Data

The online job advert dataset used in this paper was provided by Burning Glass Technologies, a labour market analytics company. Burning Glass collects data on active job postings from thousands of web-pages on a daily basis \cite{burning_glass_technologies_markets_2017}. For each job posting, in addition to extracting job title, salary, education and experience requirements, Burning Glass identifies keywords from free text job descriptions. The full job descriptions are not available. We refer to the keywords as skills, which include skills, personal competences and knowledge required by employers.
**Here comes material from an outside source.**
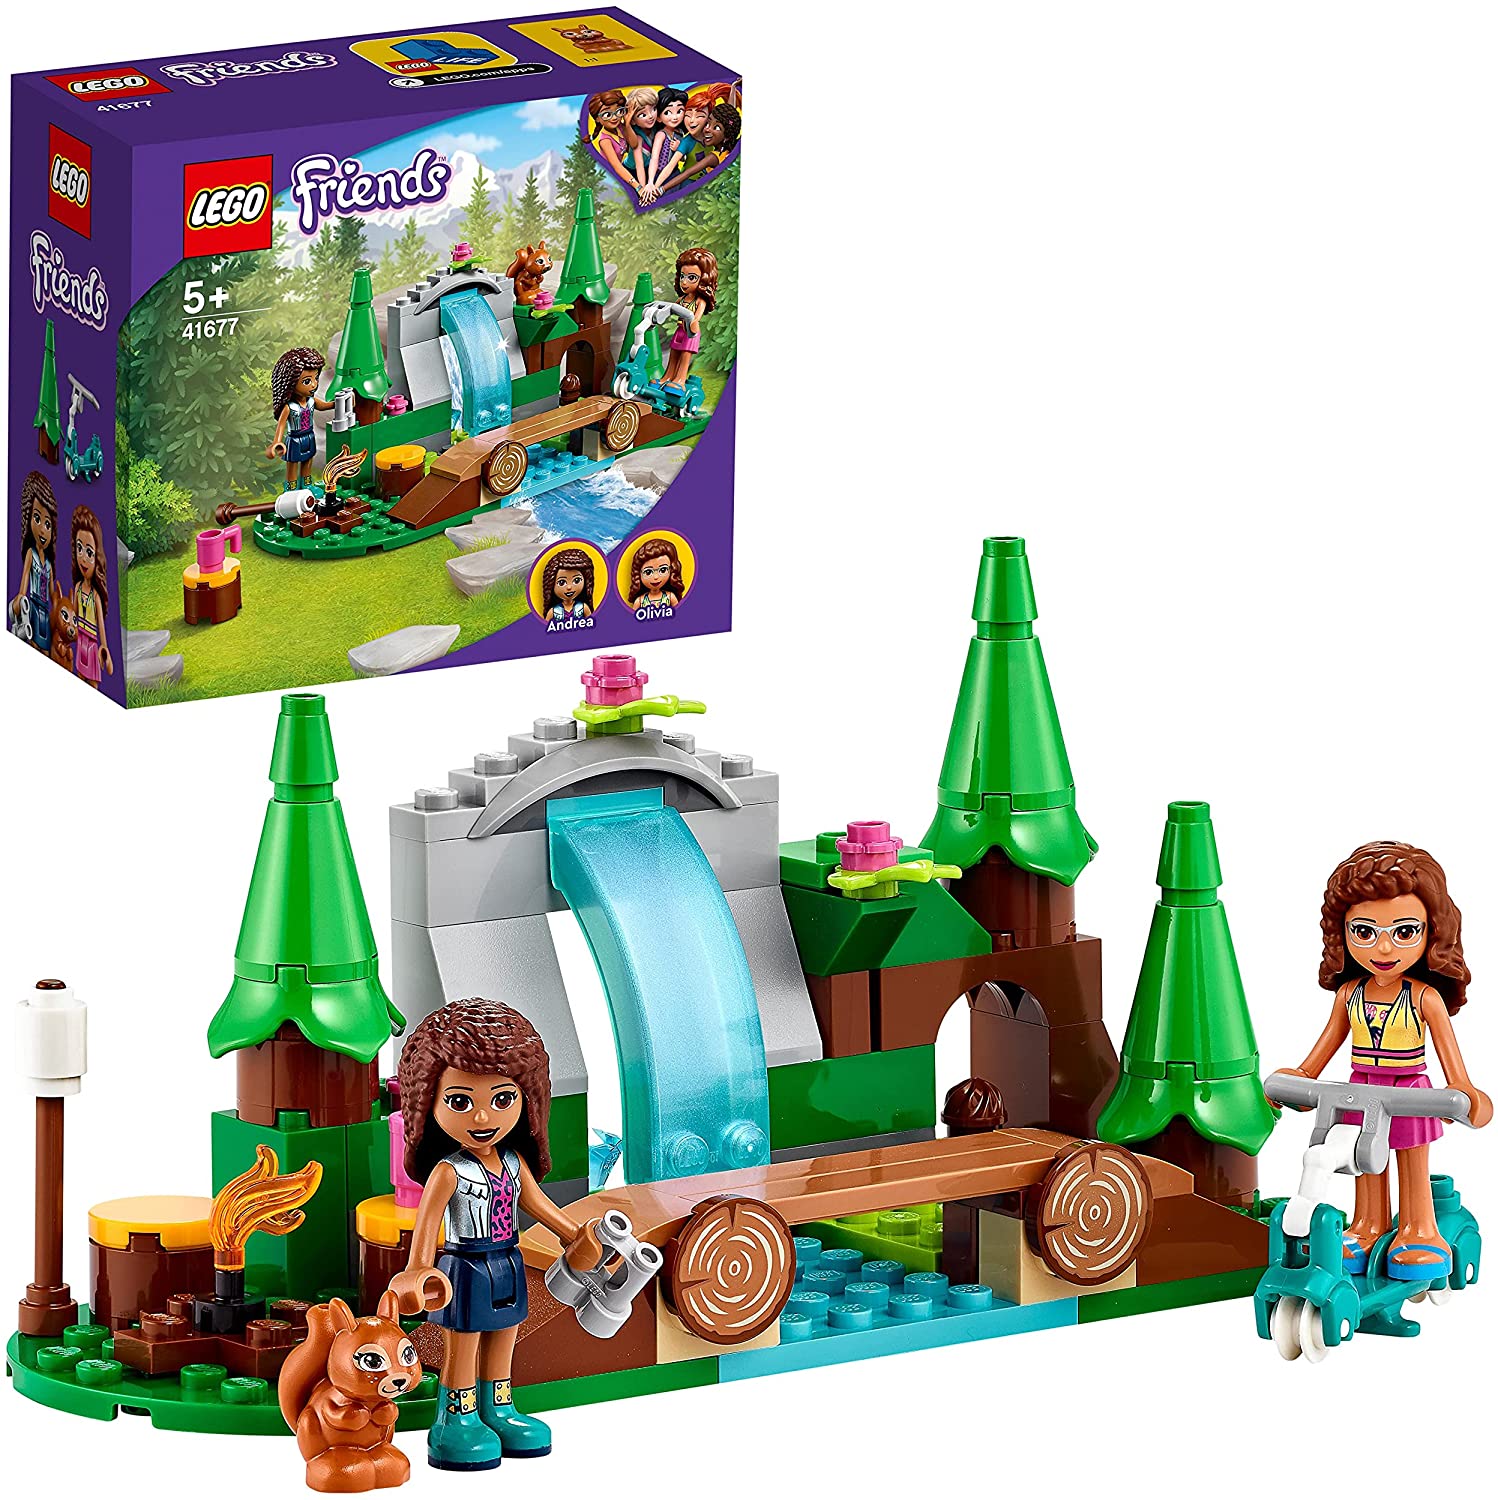 LEGO 41677 Lego Friends Waterfall in the Forest, Camping Toy from 5 Years w

To develop the initial skills taxonomy we use data on over 32 million adverts collected over a five-year period from January 2012 to December 2016. The data for 2017 will be used for comparison and out of sample validation of the taxonomy. 
It is important to note that in our dataset there are many adverts with missing information: only 61% of adverts contain data on offered salary, and substantially fewer mention education (19% of adverts) and experience requirements (13% of adverts).

Methods

We use two approaches to measure the relationships between skills mentioned in Burning Glass job adverts (Figure \ref{992146}). The first approach is based on pairwise frequency of two skills appearing in the same job advert. The second approach is based on distributed representation of skills. We generate the vector representations of skills by training a word2vec model, which learns the extent to which skills occur in the same context (i.e. together with other skills). 
As a next step, we model the skills as a graph, where vertices represent individual skills. The vertices are joined by edges if they are mentioned in the same advert. The edges between vertices have attributes that describe the strength of the relationship, such as the frequency (total number of pairwise skill mentions) and the cosine similarity (similarity of context in which the two skills occur across all adverts).